In 1969, Lebanon was forced by the Arab League to allow Palestinian guerillers to set up bases on Lebanese soil, from which to carry out raids against Israel. Despite his misgivings, Gemayel believed that Lebanon really had no choice, and resolved to negotiate the best deal he could. The Palestine Liberation Organization (PLO) never observed the terms of the agreement, and Gemayel regretted not having stood up more firmly against the Palestinian intrusion. In the 1970s, the Kataeb was to build a private army, which came to be commanded by Gemayel's son Bashir, to oppose the armed Palestinian presence in Lebanon. This private army was secretly helped by Israel. It is one of the many ironies of Lebanese politics that a party that initially drew inspiration from the virulently anti-semitic Nazi movement in Germany (although it never stood for Nazi ideology), was later to become a close collaborator with the Jewish state.
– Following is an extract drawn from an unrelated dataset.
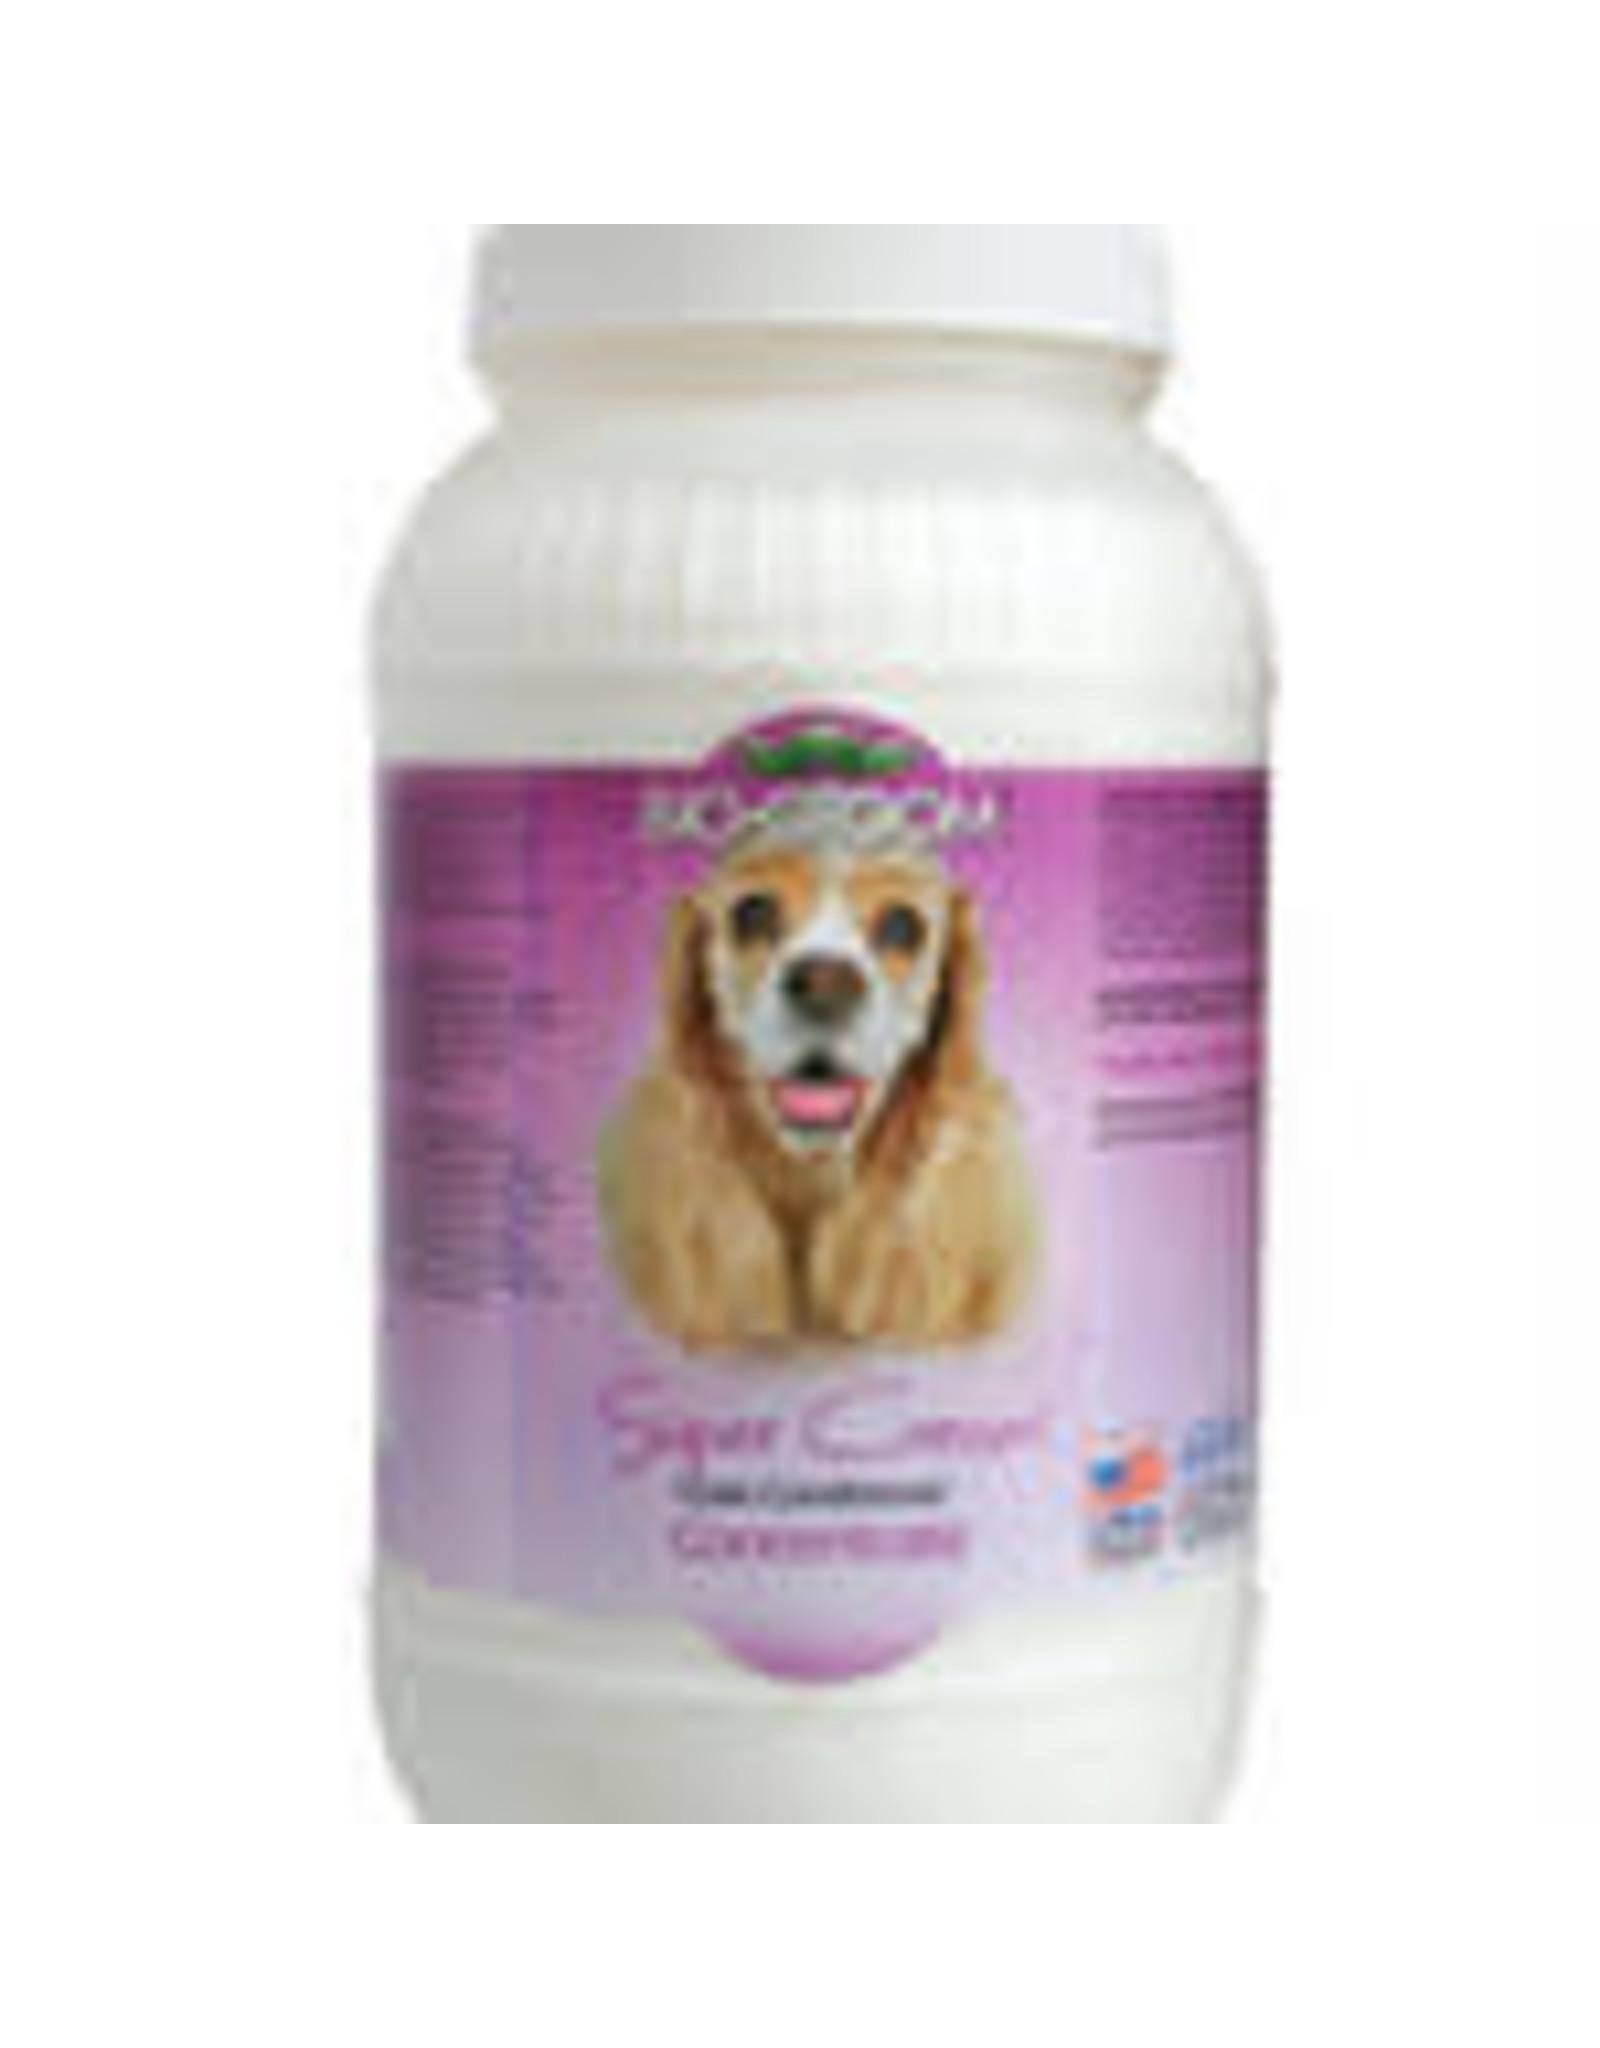 Biogroom BIOGROOM Super Cream Cond 3.7lbs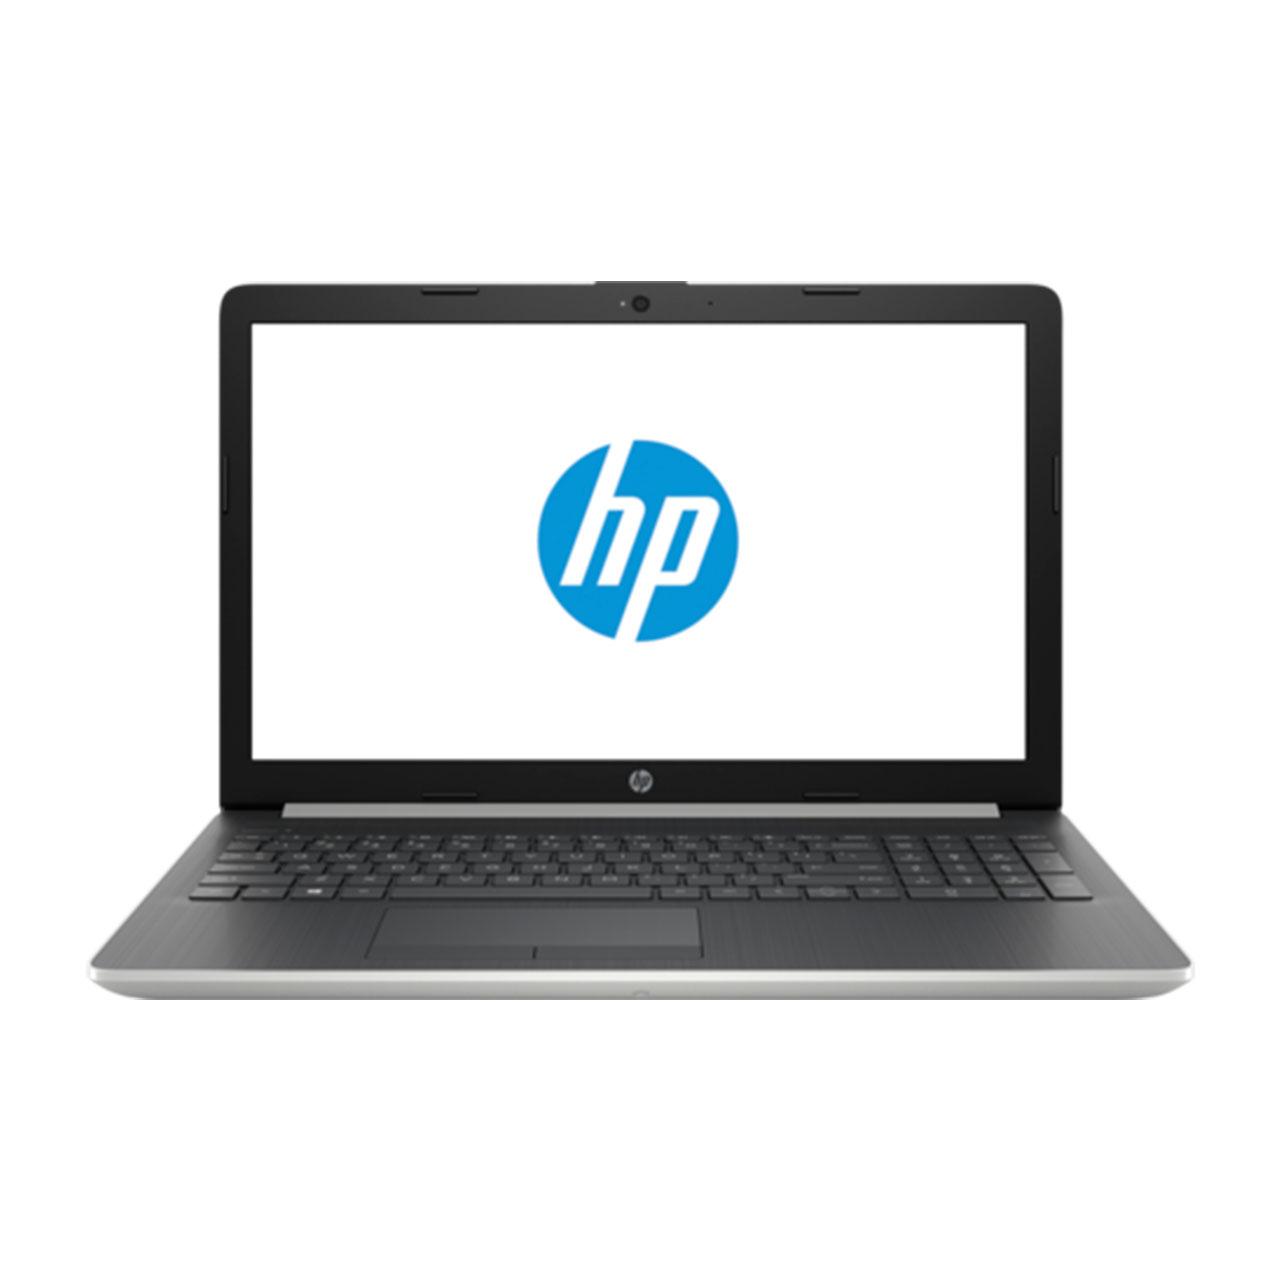 لپ تاپ 15.6 اینچی اچ پی مدل DA0019nia

In the Lebanese Civil War (1975-1990), Gemayel initially welcomed Syrian intervention, believing that the Syrian army alone was capable of disarming the Palestinian guerrillas, whom he had come to regard as terrorists. It soon became clear, however, that Syria was occupying Lebanon for reasons of its own, and intended to use Lebanon as a proxy front for wars against Israel. In 1976, he joined other mainly Christian leaders, including former president Camille Chamoun, the diplomat Charles Malik, and the radical Guardians of the Cedars Party leader Etienne Saqr, in forming the Lebanese Front to oppose the Syrian occupation. In 1978, the Lebanese Front joined the Lebanese regular army in an unsuccessful 100-day war against the Syrian army. On October 11, Gemayel bitterly denounced the Syrian military presence in Lebanon.

Gemayel saw his younger son, Bashir Gemayel, elected President of Lebanon on August 23, 1982. Bashir was assassinated by pro-Syrian terrorists on September 14, nine days before his scheduled inauguration. Bashir's older brother, Amine Gemayel was elected to replace him. Pierre Gemayel himself initially stayed out of his son's government, but in early 1984, after participating in two conferences in Lausanne, Switzerland, aimed at ending the civil war and the occupation of the country by Syrian and Israeli troops (which had invaded the country in 1982), he agreed to served once more in a Cabinet of National Unity. He was still in office when he died in Bifkaya, on 29 August 1984, aged 78 years.